A luta por uma utopia Como o sonho de diversos militantes brasileiros acabou nas margens do rio Araguaia Natalia Dourado Considerado o maior movimento de luta armada contra a ditadura civil-militar iniciada em 1964, a Guerrilha do Araguaia ainda não teve toda a sua história revelada, o que, por consequência, reflete na nossa história uma entre várias dívidas a serem cumpridas. Tudo começou no ano de 1966, quando um grupo de militantes, contrários à ditadura, começaram a se instalar na mata no sul do Pará, para iniciar do campo, uma revolução socialista e tomar o poder dos militares. Esse esquema foi inspirado pela Revolução Cubana em 1959 e Revolução Chinesa em 1949. Quem eram Eram estudantes, médicos, enfermeiros entre outros. Não há um número exato de pessoas que participaram da guerrilha. O número gira em torno de 80 a 90 pessoas. De todos, 69 eram militantes do Partido Comunista do Brasil (PCdoB), que foi o partido que liderou e articulou a guerrilha. Eles foram divididos em três grupos e cada grupo ficou com um líder. Entre os camponeses O local escolhido pelos militantes foi a região conhecida como Bico do Papagaio, que faz divisa com os estados do Pará, Maranhão e Tocantins (criado posteriormente - na época fazia parte do território de Goiás). Os guerrilheiros se instalaram nos arredores do rio Araguaia, que passa por estes três estados, daí o nome de Guerrilha do Araguaia. Os moradores da região eram humildes, viviam de plantações na roça, do garimpo, dos castanhais e da extração da borracha nos seringais. Tudo em uma época onde a floresta ainda tomava conta do lugar e o acesso às coisas simples do dia a dia era precário.
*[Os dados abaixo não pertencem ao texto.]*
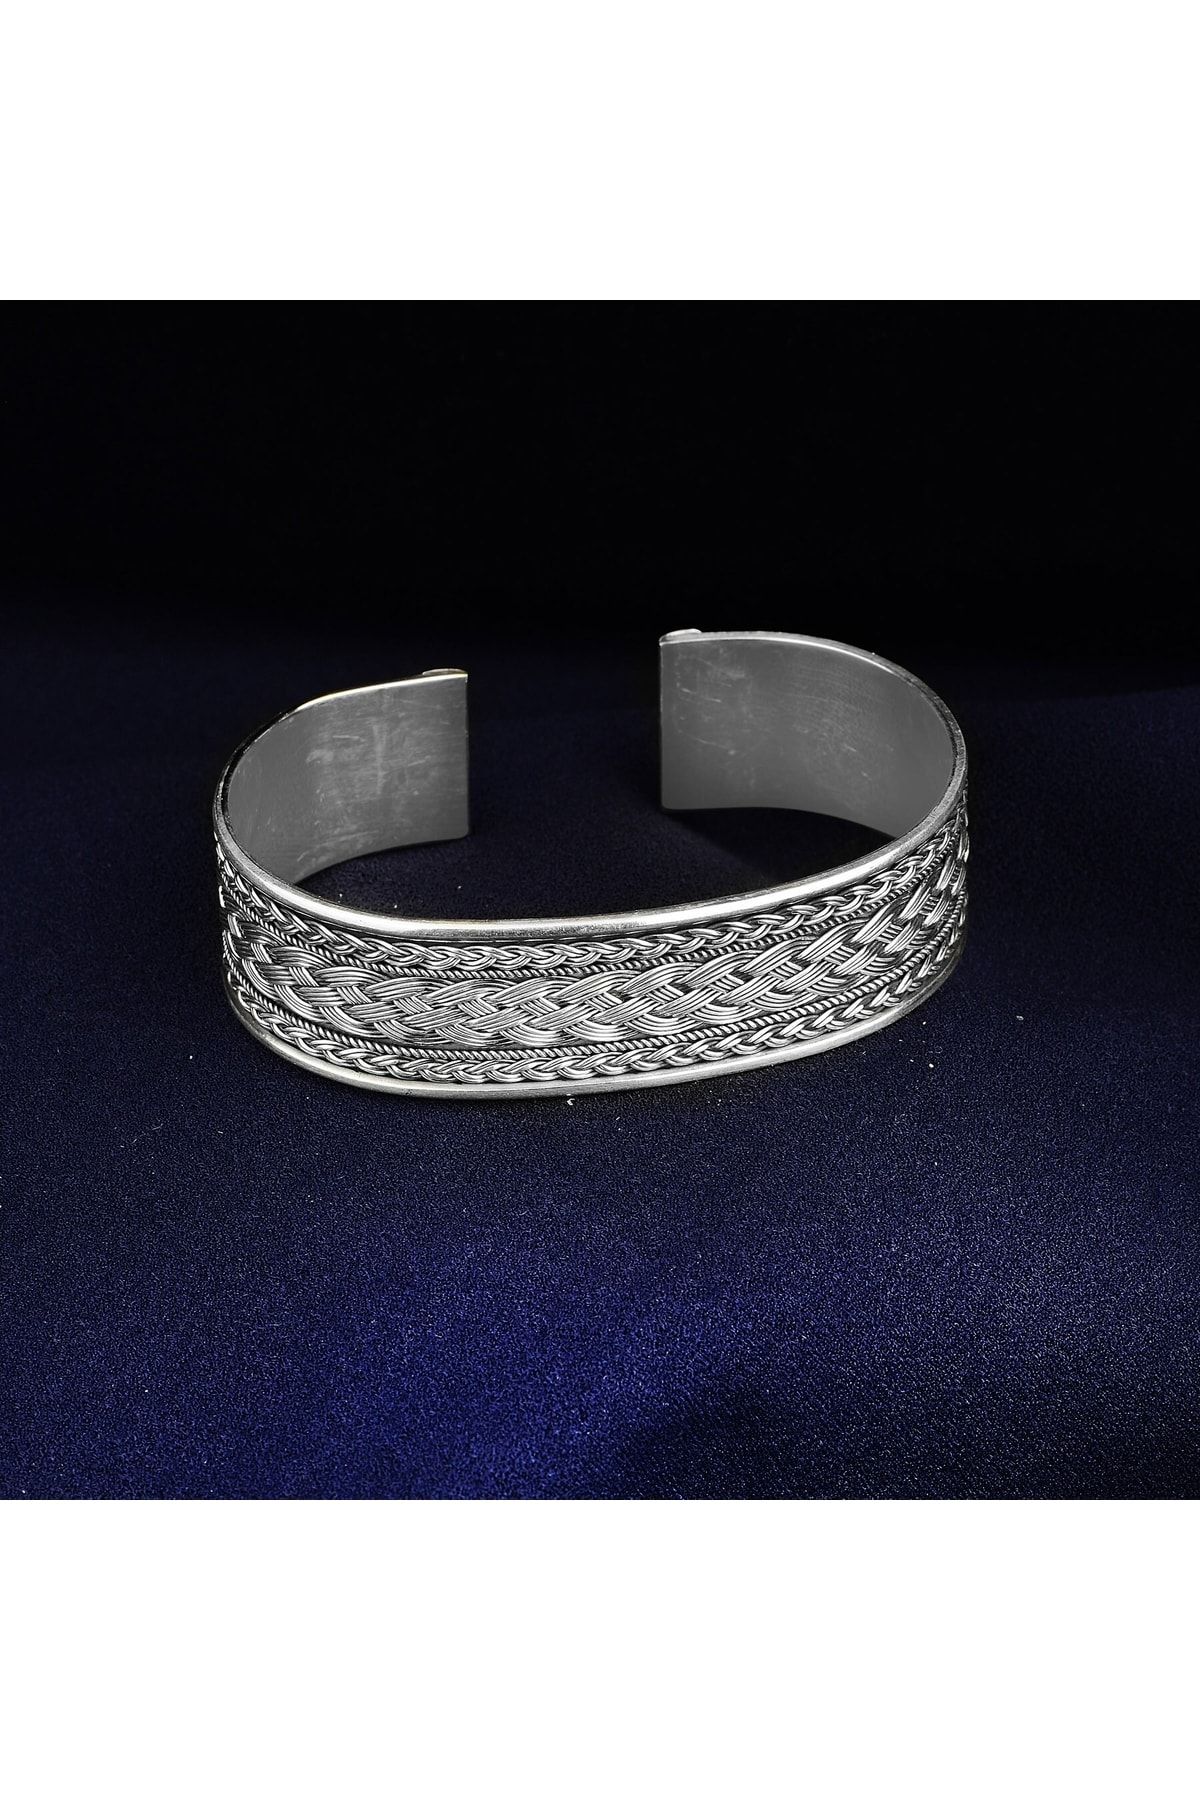 Mercan Silver Gümüş El Yapımı Örgü Modeli Kalın Bilezik
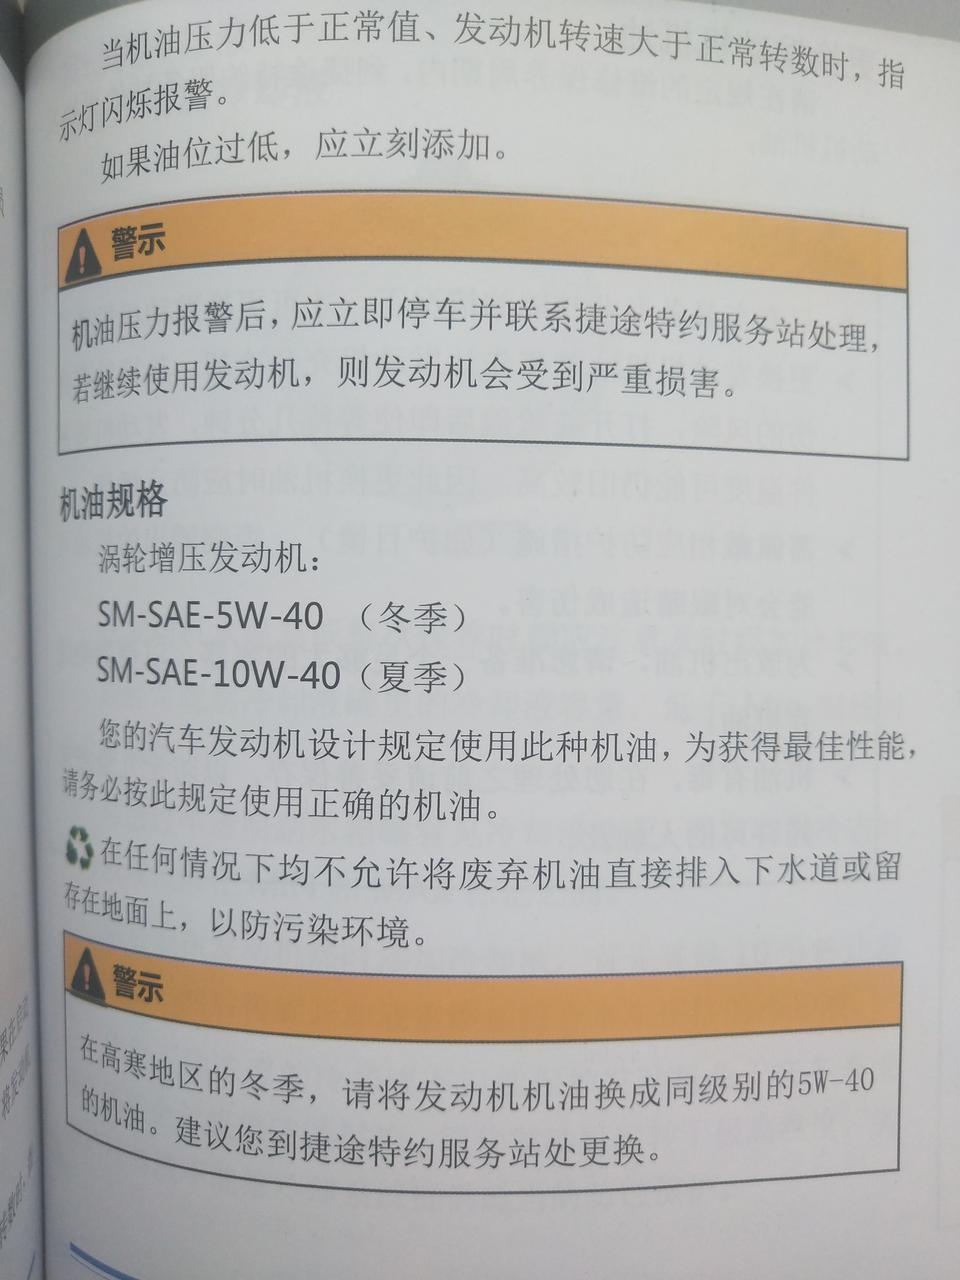 捷途x70捷途70说明书上规定所使用的机油标号SM SAE-5W-40    SM是机油的级别是吗  ？ 如果自己换可以换 SN-SAE-5W-40的机油吗？  对发动机有影响吗

No início, foi muito difícil para os guerrilheiros se instalarem na mata. Acostumados a uma vida urbana, eles receberam ajuda dos moradores e aprenderam a caçar, a pescar e a plantar, entre outras coisas. Aos poucos, eles conseguiram se adaptar na mata e a se deslocar no meio dela sem se perder. Além disso, depositavam alimentos em troncos de árvores para se manterem durante um bom tempo dentro da mata. A amizade com os moradores também foi construída aos poucos. Os guerrilheiros viriam a usar codinomes para se comunicarem. Os comunistas ajudavam no que podiam, quando alguém estava doente (a malária era muito comum na região), quem era médico tratava a pessoa até ela se recuperar. Os militares Anos antes, os militares já vinham tomando conhecimento da guerrilha, até que houve a primeira ação em 1972. Nesta primeira ação foram enviados soldados sem nenhuma experiência ou conhecimento na mata, o que levou ao fracasso. Após esta primeira ação, os militares começaram a estudar a região e a pressionar os moradores, muitos dos quais, foram torturados e humilhados. Pelo menos 17 foram assassinados. Para pressionar psicologicamente os guerrilheiros, os militares pregavam bilhetes em árvores, e os comunistas faziam o mesmo, mas a situação já estava cada vez mais difícil para os utopistas. O exército não só queimou algumas casas na região, como também destruiu toda a plantação, dificultando assim, a alimentação dos guerrilheiros. E não parou por aí: eles também construíram três estradas na mata para facilitar o deslocamento, o que isolou de vez os comunistas. Se antes o exército era incapaz de

lutar contra os guerrilheiros por conta do desconhecimento total de viver na mata, por outro lado, eles tinham armas bem mais poderosas do que os militantes. Era uma luta de espingardas e fuzis. A cada ação, o que se percebia era um exército cada vez mais preparado, enquanto os guerrilheiros, cada vez mais encurralados. Com a confiança estabelecida entre os moradores e a experiência na mata, os guerrilheiros queriam convencê-los de que a luta armada rumo ao socialismo era a única opção para acabar com a miséria que assolava o país. Esse plano foi inspirado nas revoluções em Cuba e na China na qual a luta se iniciou com a aproximação dos camponeses e operários, a fim de organizá-los politicamente, e iniciar uma luta no campo até a cidade. Mas esse sonho teria um fim diferente aqui no Brasil. A história Não há números exatos sobre a guerrilha. O número de guerrilheiros varia entre 80 a 90 militantes. Quanto ao exército, sabe-se que foi a maior mobilização das três forças, inclusive, maior do que na 2º Guerra Mundial. O número gira em torno de cinco mil militares. Estima-se que 76 guerrilheiros morreram, sendo 59 só do PC do B. Em 1975, o exército ordenou uma ação chamada “Operação Limpeza”, que tinha o objetivo de “limpar” a região, retirando todos os vestígios de qualquer combate. Alguns corpos foram queimados junto com pneus. Como não há muitos documentos oficiais sobre a guerrilha, fica difícil saber o que realmente ocorreu. Pior ainda para várias famílias que aguardam por um esclarecimento final sobre o caso. Elas esperam até hoje os ossos do ofício da nossa história para poder enterrá-los com dignidade e ficar em paz.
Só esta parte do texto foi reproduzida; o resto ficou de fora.